Bug 150141 - loading 8.5M row .csv never completes - 100% CPU entire time
Summary: loading 8.5M row .csv never completes - 100% CPU entire time
Status: RESOLVED WORKSFORME
Alias: None
Product: LibreOffice
Classification: Unclassified
Component: Calc (show other bugs)
Version:
(earliest affected)
7.5.0.0 alpha0+
Hardware: All All
: medium normal
Assignee: Not Assigned
URL:
Whiteboard:
Keywords: perf
Depends on:
Blocks:
 
Reported: 2022-07-25 16:33 UTC by Pierre Fortin
Modified: 2022-07-27 07:15 UTC (History)
1 user (show)

See Also:
Crash report or crash signature:


Attachments

Note You need to log in before you can comment on or make changes to this bug.
Description Pierre Fortin 2022-07-25 16:33:07 UTC
Trying to load .csv with 8559242 rows of 90 columns each.
CPU pegged entire time.
No visual clues as to what is happening: no progress bar, no response to mouse or keyboard.
An earlier version of 7.5 loaded similar sheets in ~4 minutes.

Operating System: Mageia 9
KDE Plasma Version: 5.24.4
KDE Frameworks Version: 5.93.0
Qt Version: 5.15.2
Kernel Version: 5.18.11-server-1.mga9 (64-bit)
Graphics Platform: X11
Processors: 20 × 12th Gen Intel® Core™ i7-12700K
Memory: 125.5 GiB of RAM
Graphics Processor: AMD Radeon RX 6600 XT

$ scalc --version
LibreOfficeDev 7.5.0.0.alpha0 4827d5cb1508f6bca9489e31b877cfff36393c50
Comment 1 Pierre Fortin 2022-07-25 21:20:05 UTC
Aborted the load after waiting 6.5 hours.
Comment 2 Roman Kuznetsov 2022-07-26 19:35:30 UTC
Calc supports only ~1 million rows by default

Anyway please attach your CSV here
Comment 3 Pierre Fortin 2022-07-27 06:51:20 UTC
(In reply to Roman Kuznetsov from comment #2)
> Calc supports only ~1 million rows by default

Yes, but this report is against the new jumbo feature of 16M rows which is almost enough for what my team needs.
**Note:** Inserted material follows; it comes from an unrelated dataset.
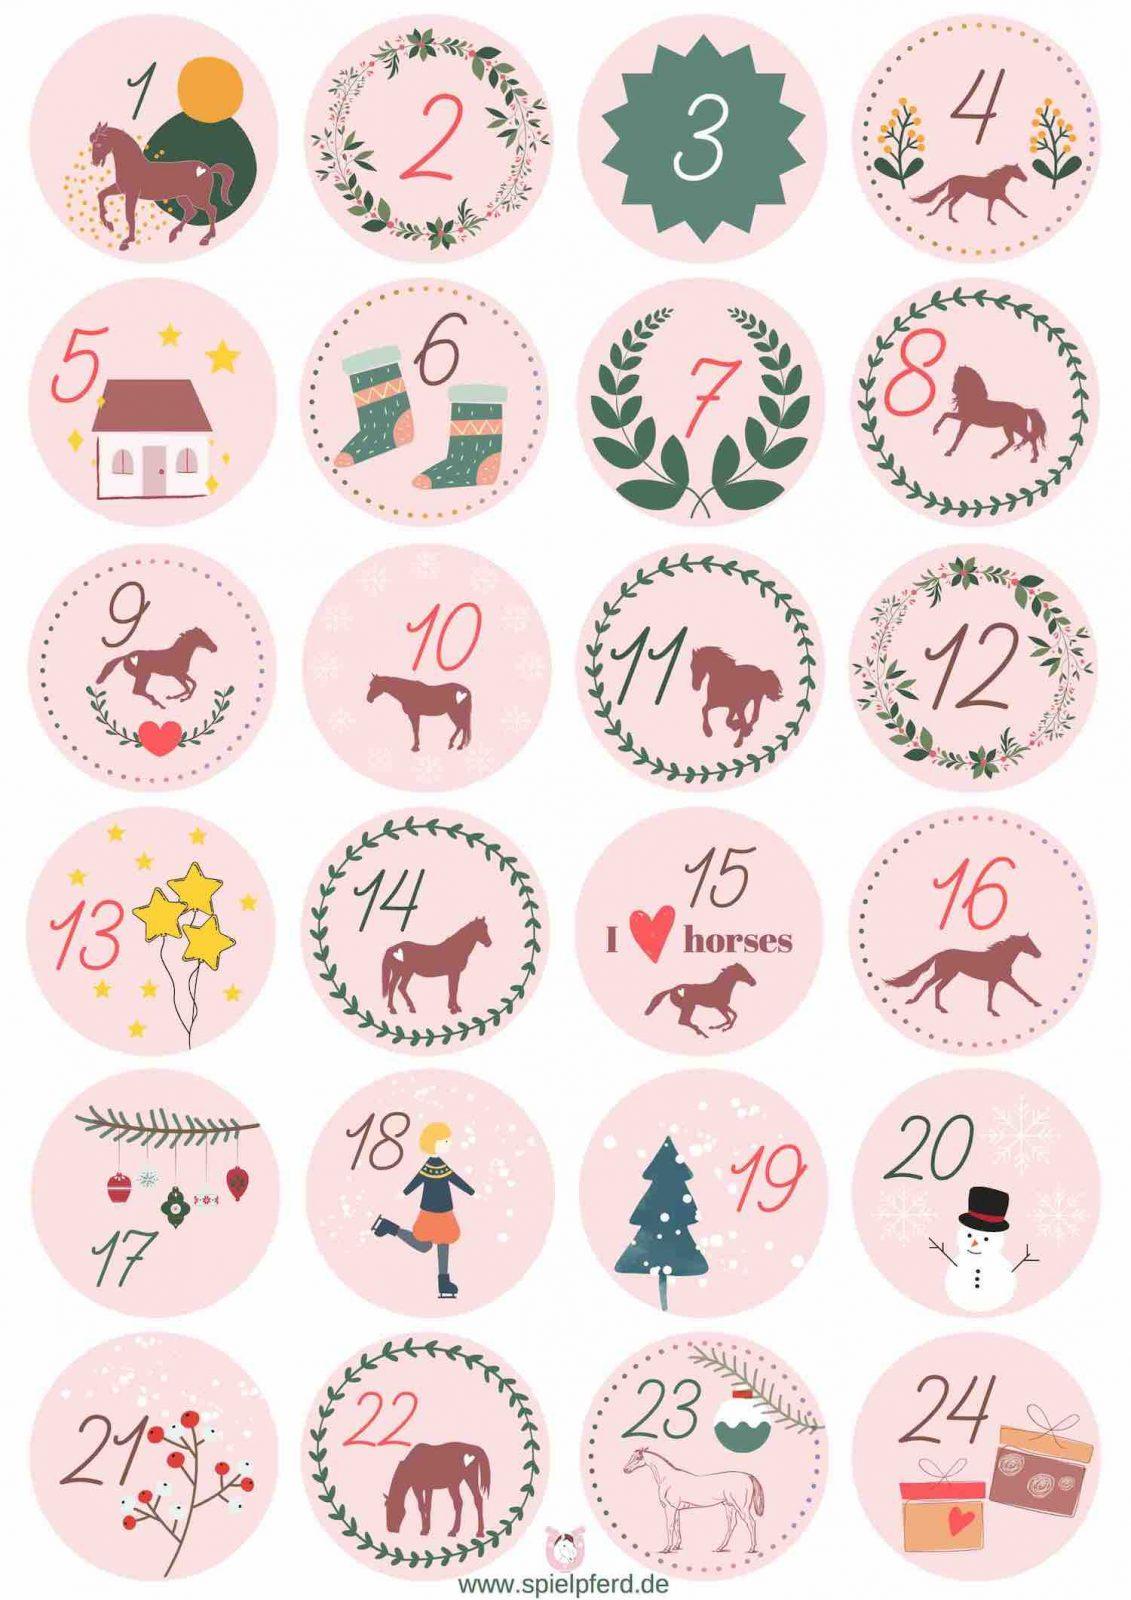 Adventskalenderzahlen Vorlage für kleine Pferdefans zum Ausdrucken. Zahlen für den Adventskalender kostenlos als pdf-Druckvorlage downloaden. Adventskalender basteln für Kinder.
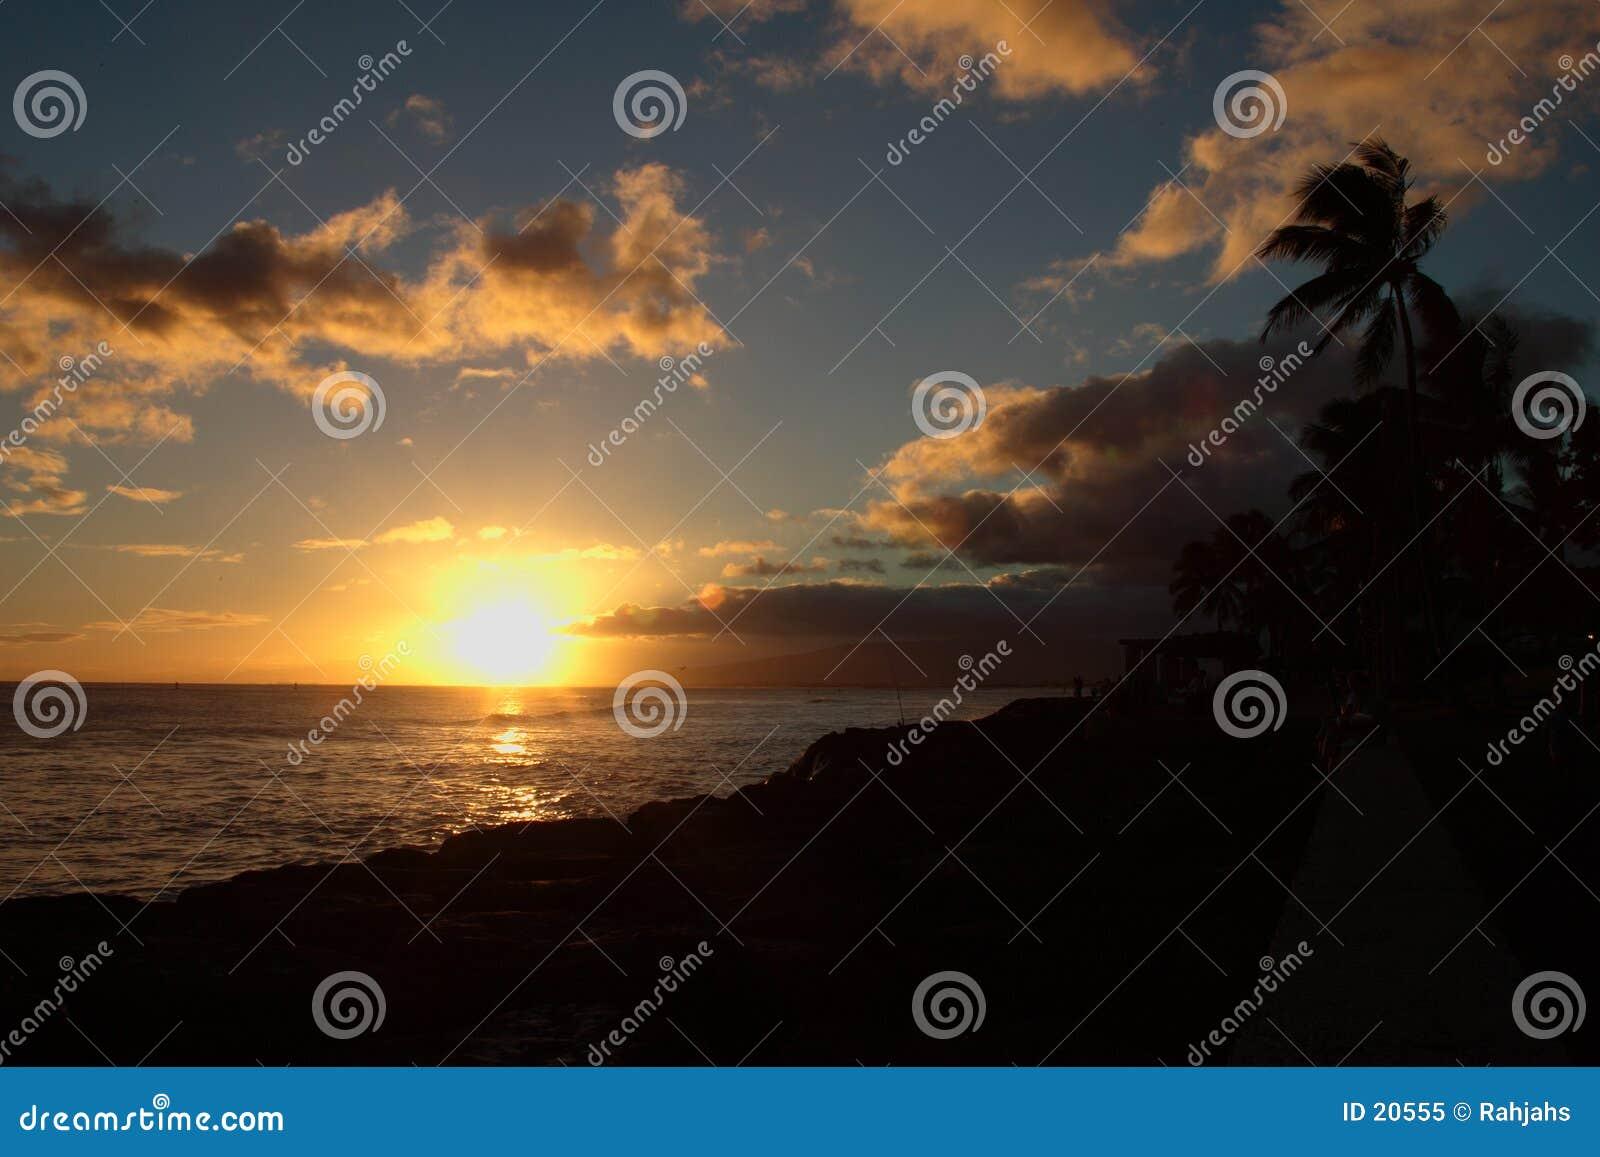 Kakaako Sunset

> Anyway please attach your CSV here

Plenty of examples available at https://dl.ncsbe.gov/?prefix=data/ -- look for the big files....
These zip files mostly contain a single .txt (mostly tab separated "csv")... See also the Snapshots folder...   Files may contain tab or comma separated data; but vary in data encoding.  If the 16 bit encoded files give you trouble, you can use the Linux command:
  tr -d '\000"\r\377\376\275' < infile.txt > outfile.csv
to "clean" them up...

Cool! this daily build has a progress bar...  Loading a 5.7GB sheet...  Progress bar reached the end 1 minute +|- 5 seconds after starting the load.  Waiting for the sheet to display. Oh well... after another 1:40m, load failed: too many rows... less than a minute after OK, sheet appeared...  HUGE speed improvement over initial tests about a week ago.  Sheet showing 16,777,216 rows. This file is from https://s3.amazonaws.com/dl.ncsbe.gov/data/ncvhis_Statewide.zip

$ ll ncvhis_Statewide-20220723-070658.csv
[snip] 4265533961 Jul 23 07:06 ncvhis_Statewide-20220723-070658.csv
$ wc -l ncvhis_Statewide-20220723-070658.csv
33686293 ncvhis_Statewide-20220723-070658.csv
^^^^^^^^ 
Even if Calc doubled the number of jumbo rows to 33,554,432; I'd still leave 131,861 rows on the cutting room floor...  :)  While it would be great to load such sheets, we have to split them up.  I have one sheet covering 2012-2022 which we reduced to around 77M records...   but seriously, 16M rows is something we'd be happy with for a while...  we have lots of ways to slice and dice these large sheets; but 16M rows is a big help; I'm using the daily builds almost exclusively when they work...
Comment 4 Pierre Fortin 2022-07-27 06:54:23 UTC
Actually, the latest build has both resolved the reported issue and has better performance that I'd expected.  OK to close this report, unless you want to keep it open for internal reasons...  THANKS!!
Comment 5 Roman Kuznetsov 2022-07-27 07:10:20 UTC
(In reply to Pierre Fortin from comment #4)
> Actually, the latest build has both resolved the reported issue and has
> better performance that I'd expected.  OK to close this report, unless you
> want to keep it open for internal reasons...  THANKS!!

Pierre, thanks for retesting it with the latest master build.

Let's close this one as WFM by Comment 4
Comment 6 Timur 2022-07-27 07:15:51 UTC
Many bugs were resolved with meta bug 133764. So let's close.